I get very exasperated with sighted people who see so little and have no appreciation for their sight. Next to life itself, your greatest physical gift is eyesight. The world does not consider you disabled unless you are in a wheel chair. Even at the veterans hospital, the blind veterans get very little attention...are expected to feel their way around, must hire someone to get them there and yet, having given your most precious sense, treated like trash. It is too late for me, but I hope the very inept Veterans Administration will treat the young warriors who are blind, better.

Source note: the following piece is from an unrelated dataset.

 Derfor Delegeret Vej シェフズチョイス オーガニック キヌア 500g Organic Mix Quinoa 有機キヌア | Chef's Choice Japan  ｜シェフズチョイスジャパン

I never received one minute of rehabilitation training. It took 30 years for me to get the utility housing allowance for disabled veterans when I had a security system put in the house since the greatest horror of a blind person is a break in or fire and as you age, falling. For 30 years, I put cement blocks behind exits. The VA obviously did not care that I would be burned in my own house...after being commissioned straight out of school, having starved through eight years of education to be able to give specialized service in an Army hospital, to then be burdened with writing stacks of letters trying to get minimum help. Delay, deny, and wait for you to die is the mantra of VA care for veterans. I have made it very clear to the trust officer who will handle my remains, I do not want one dime of government money spent on my burial, not even a flag. The worst thing that can happen to a blind person, other than dishonest employees (two young men are in prison now for writing checks on my bank account) is having people whisper around you. In traveling the world, I never allowed people to talk to me in English around people who did not understand English. Once, two friends were speaking their language which I did not understand and I said to them, “your rudeness is only exceeded by your rudeness, you know I cannot understand what you are saying, are you talking about me?” I go to a meeting, to a church, into a restaurant, and everything gets quiet. One restaurant owner told me that he did not want a handicapped customer like me in his restaurant because it made his normal customers uncomfortable.

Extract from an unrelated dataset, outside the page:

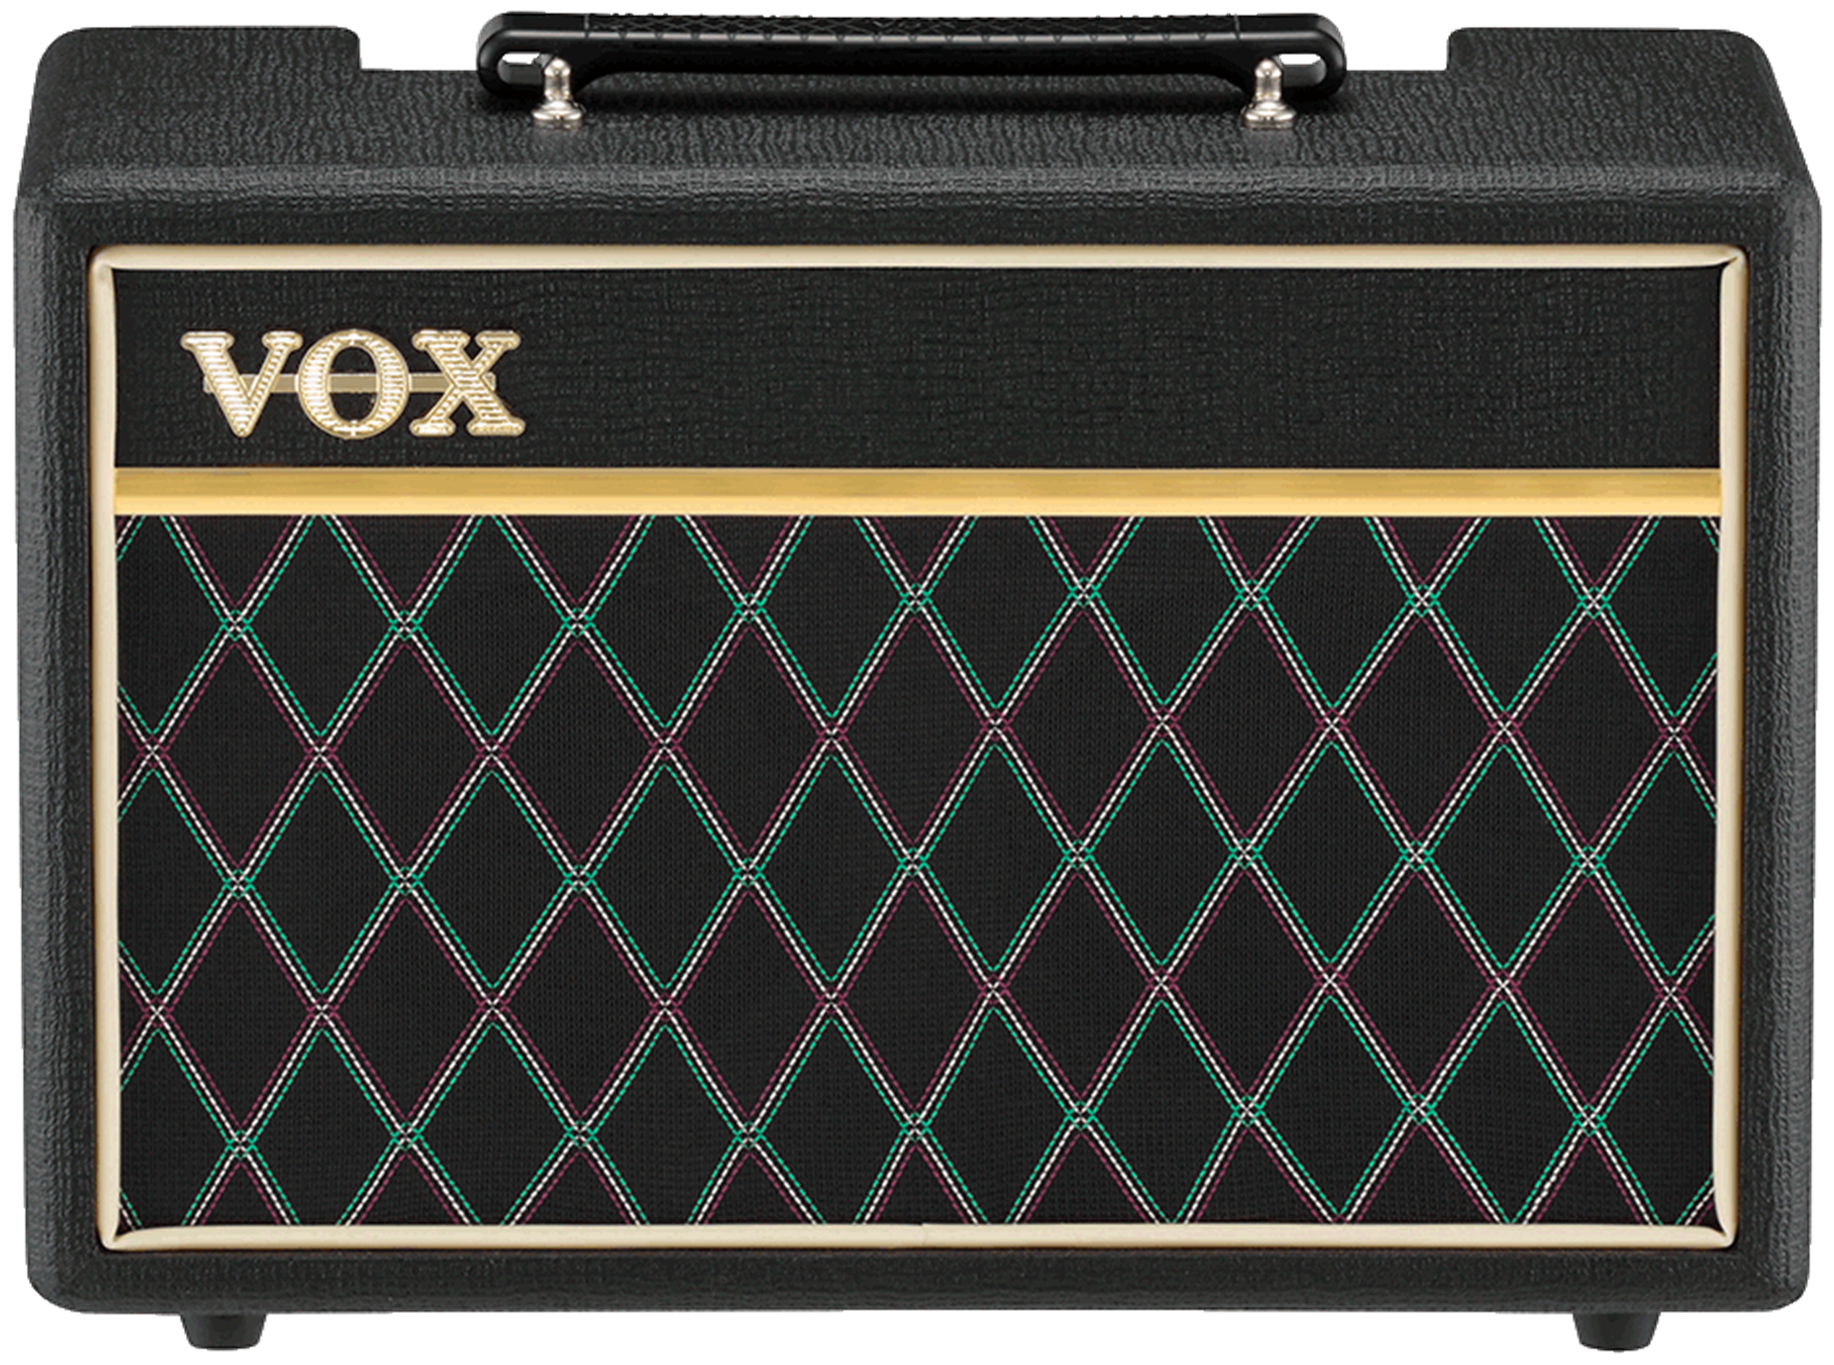 VOX PB10  Pathfinder-10  Bass   Portable Bass Guitar Amp

Blind people pay taxes like everyone else but use few things for which their taxes are spent...parks, concert halls, athletic stadiums, jails, very few disabled people in prison. Most of us make our own way. I have been greatly blessed to have traveled most of the world, using my other senses, hearing the sounds of Hong Kong, smelling Tangier, and feeling the cold of Siberia. I would like to have seen my parents before they were put into the ground. I would like very much to see my two grandsons. (Both grown, one a lawyer, one an engineer) My next sight will be in heaven and I so look forward to that.

Life is what you make of it, normal or disabled. I have told many that happiness is being able to work, going to bed at night and looking forward to working the next day. The test of the man is not what he does when he is healthy, wealthy and wise, but what he does when unhealthy...disabled.